Initially most of the Rust was written by copilot or Sourcegraph's Cody; then I learn more and more rust as I disagree with the code-helper's taste and organization. Though I have a solid foundation in other programming languages which accelerates the process ... it's still a weird way to learn a language that I'm getting used to and kinda like.

That said, I based the memory capture on https://github.com/cloudsftp/reSnap/tree/latest which is a shell script that slurps out of process space device files. If you can find something like that which works on the rPP then I can blindly slap it in there and we can see what happens!

chrismorgan · 2025-02-08T10:57:29 1739012249

> Things that worked at least once:

I like it.

awwaiid · 2025-02-08T16:30:41 1739032241

Top quality modern AI Eval!!!

seethedeaduu · 2025-02-08T11:11:08 1739013068

Kinda unrelated but should I go for kobo or the remarkable? I mostly want to read papers and maybe take notes. How do tthey compare in terms of hackability and freedom?

newman314 · 2025-02-08T08:04:32 1739001872

I wonder if this can be abstracted to accept interaction from a Daylight too.

cancelself · 2025-02-08T07:05:04 1738998304

@apple.com add to iPadOS Notes?

tony_francis · 2025-02-08T06:41:08 1738996868

Harry potter half-blood prince vibes. Interesting just how much the medium changes the feeling of interacting with a chat model

GeoAtreides · 2025-02-08T09:52:38 1739008358

erm, you mean harry potter tom riddle's horcrux diary, sure

you know, the diary that wrote back to you and possessed your soul? that cursed diary?

guax · 2025-02-08T14:37:37 1739025457

I wonder if its better than the current version where my soul gets possessed by youtube shorts for 40 minutes.

s2l · 2025-02-08T07:36:55 1739000215

Now only if llm response font is some handwritten style.

awwaiid · 2025-02-08T15:49:02 1739029742

This uses LLM Tools to pick between outputting an SVG or plugging in a virtual keyboard to type.
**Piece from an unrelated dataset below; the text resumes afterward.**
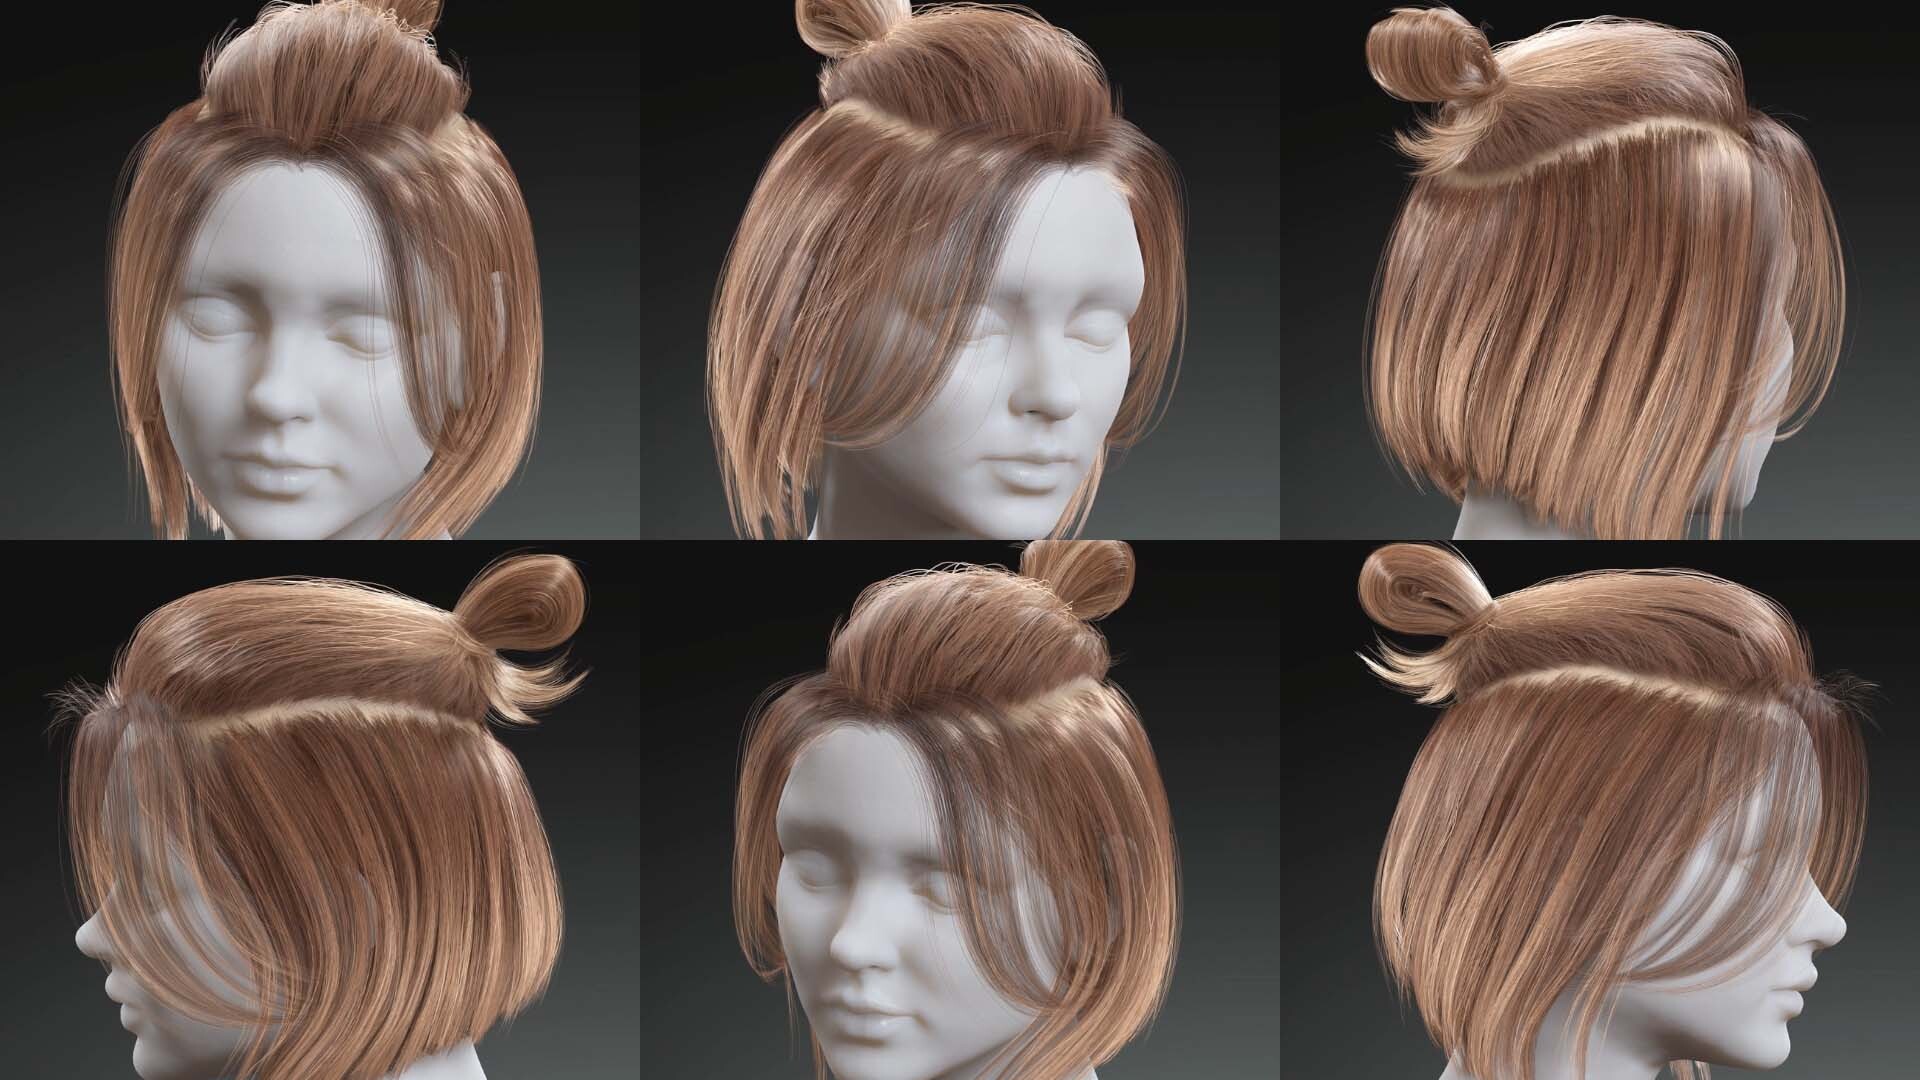 ArtStation - Realistic Short Hairstyle Female

The keyboard is much more reliable, and that's what you see in the screenshot.

If nothing else it could use an SVG font that has handwriting; you'd need to bundle that for rendering via reSVG or use some other technique.

But if I ever make a pen-backend to reSVG then it would be even cooler, you would be able to see it trace out the letters.

satvikpendem · 2025-02-08T08:49:39 1739004579

That's definitely pretty easy to achieve, just change the font settings to use a particular handwritten style font [0].

[0] https://fonts.google.com/?categoryFilters=Calligraphy:%2FScr...

memorydial · 2025-02-08T09:42:33 1739007753

That would be next-level immersion! You could probably achieve this by rendering the LLM’s response using a handwritten font—maybe even train a model on your own handwriting to make it feel truly personal.

dharma1 · 2025-02-08T11:21:22 1739013682

Script fonts don’t really look like handwriting - too regular.

But one of the early deep learning papers from Alex Graves does this really well with LSTMs - https://arxiv.org/abs/1308.0850

Implementation - https://www.calligrapher.ai/

awwaiid · 2025-02-08T16:17:59 1739031479

ooo -- thanks for the link!

wdb · 2025-02-08T11:28:26 1739014106

Like Apple Notes's Smart Script?

memorydial · 2025-02-08T09:43:00 1739007780

Actually if you figure that out please post it here!! I'd love to see that!

memorydial · 2025-02-08T09:37:12 1739007432

Exactly! There’s something about handwriting that makes it feel more personal—like scribbling notes in the margins of a spellbook. The shift from typing to pen input definitely changes the vibe of interacting with AI.

hexomancer · 2025-02-08T11:22:23 1739013743

That's beside the point but you are probably referring to harry potter and the chamber of secrets not the half-blood prince.

8bithero · 2025-02-08T10:59:49 1739012389

Not to distract from the project but if anyone is interested in eink tablets with LLMs, the ViWoods tablet might be of interest to you.

Ensign35 · 2025-02-08T11:53:31 1739015611

Is this a Remarkable rebrand? Even the UI looks the same!

edit: https://viwoods.com/ (based in Hong Kong)

edit 2:

It's a blatant copy of the Remarkable 2 for sure :/ LLM integration is interesting --> Remarkable are you listening?